| What the task requires |
Write the full listing out again, word for word, but omit the pictures.

::: Exercise data

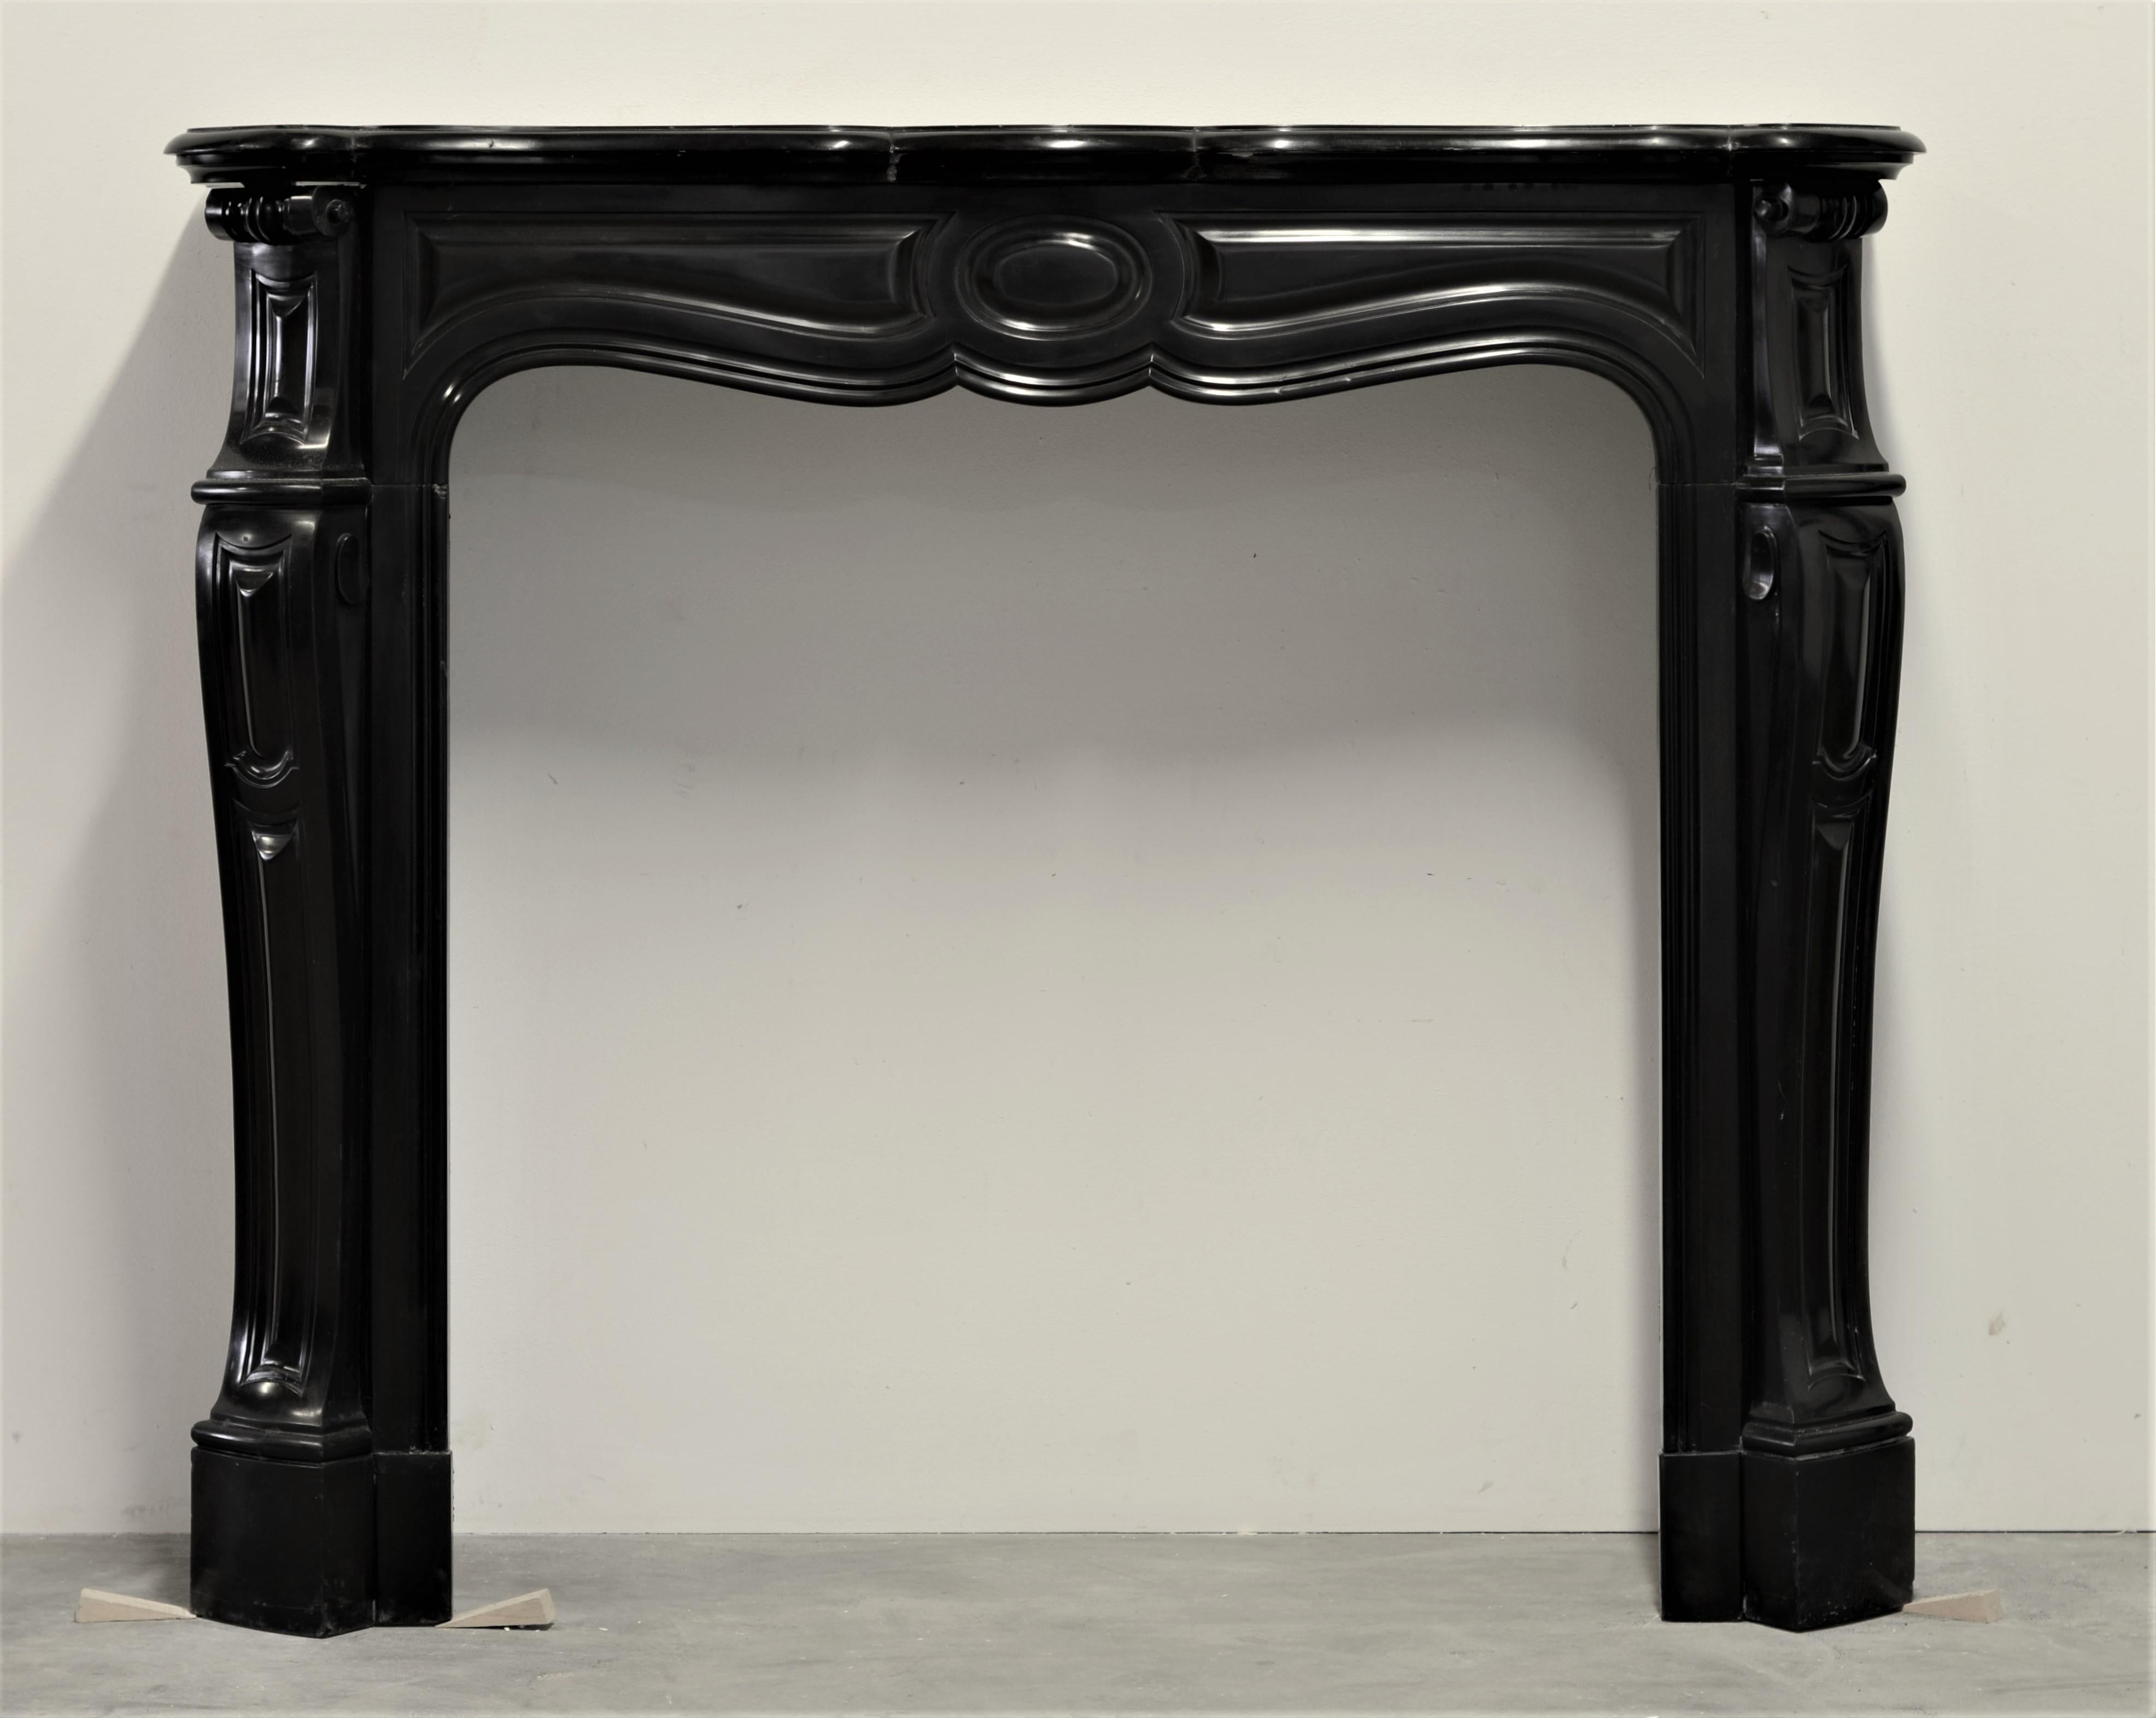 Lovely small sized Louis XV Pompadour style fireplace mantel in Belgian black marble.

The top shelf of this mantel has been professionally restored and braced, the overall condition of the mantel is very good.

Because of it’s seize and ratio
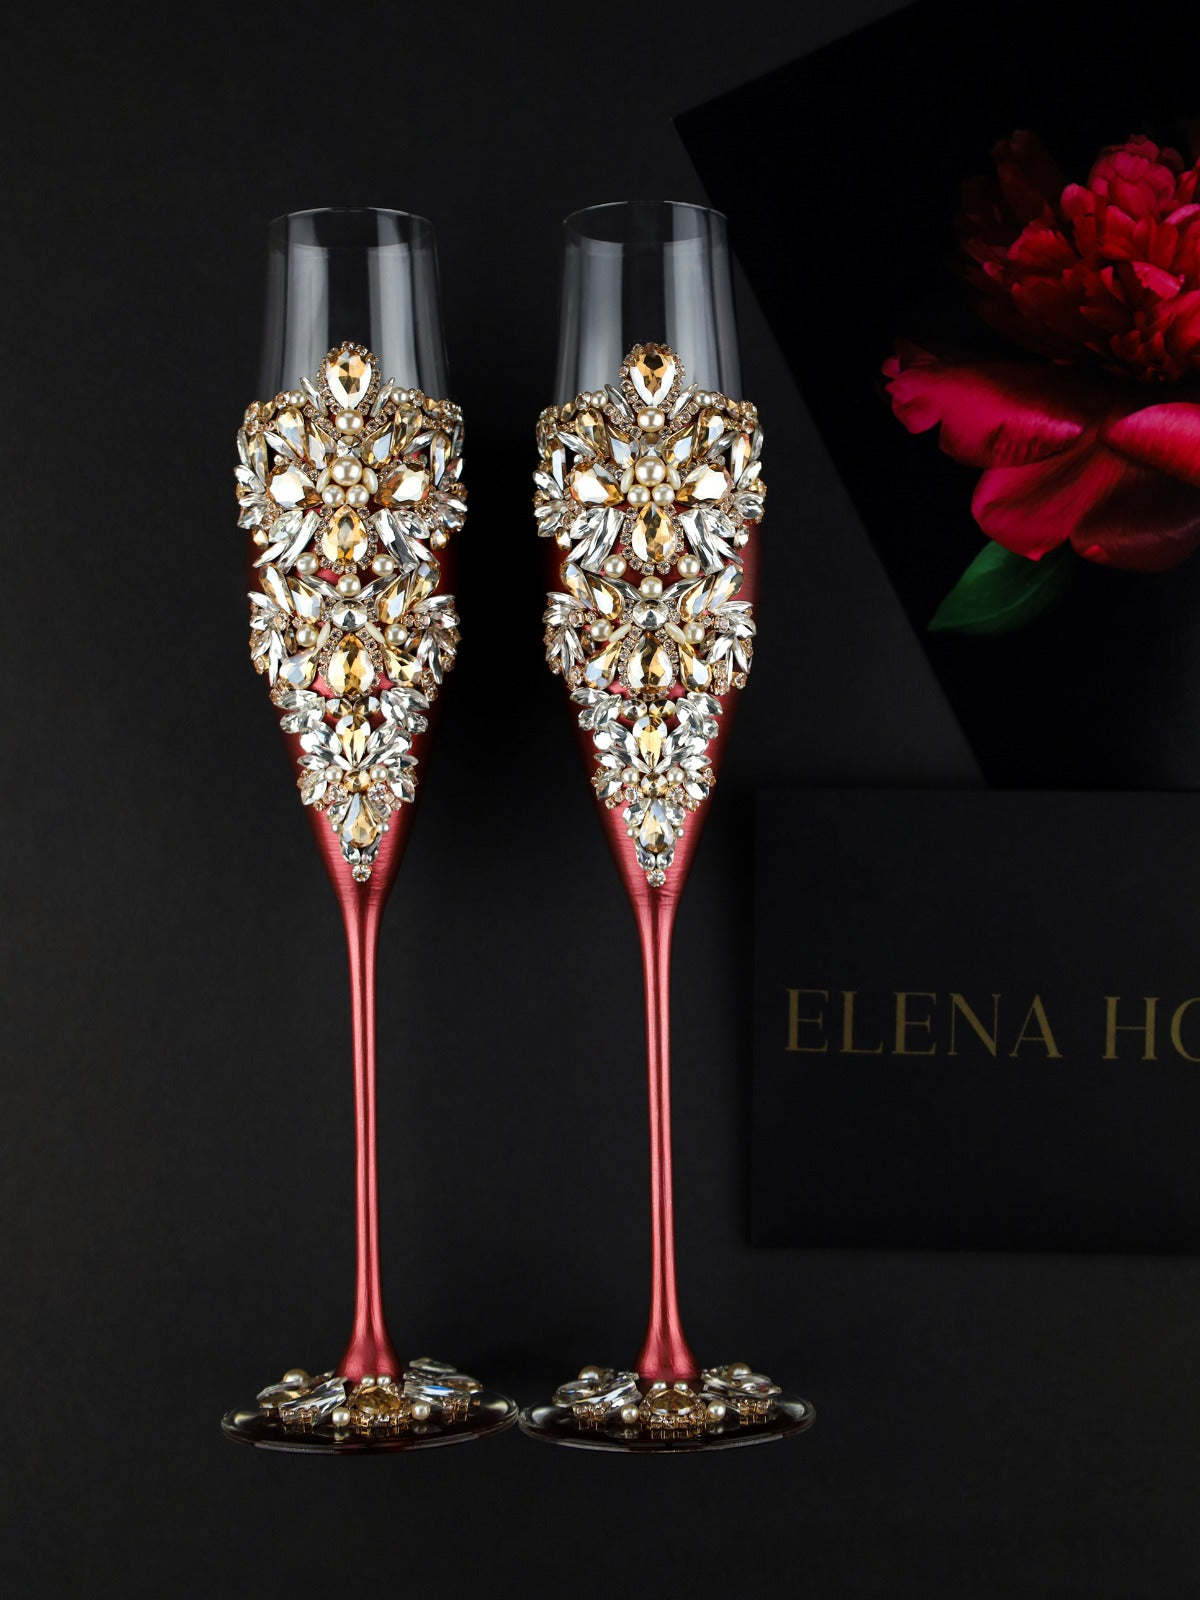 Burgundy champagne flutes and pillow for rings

::::::

| Worked solution |
 Lovely small sized Louis XV Pompadour style fireplace mantel in Belgian black marble.

The top shelf of this mantel has been professionally restored and braced, the overall condition of the mantel is very good.

Because of it’s seize and ratio
 Burgundy champagne flutes and pillow for rings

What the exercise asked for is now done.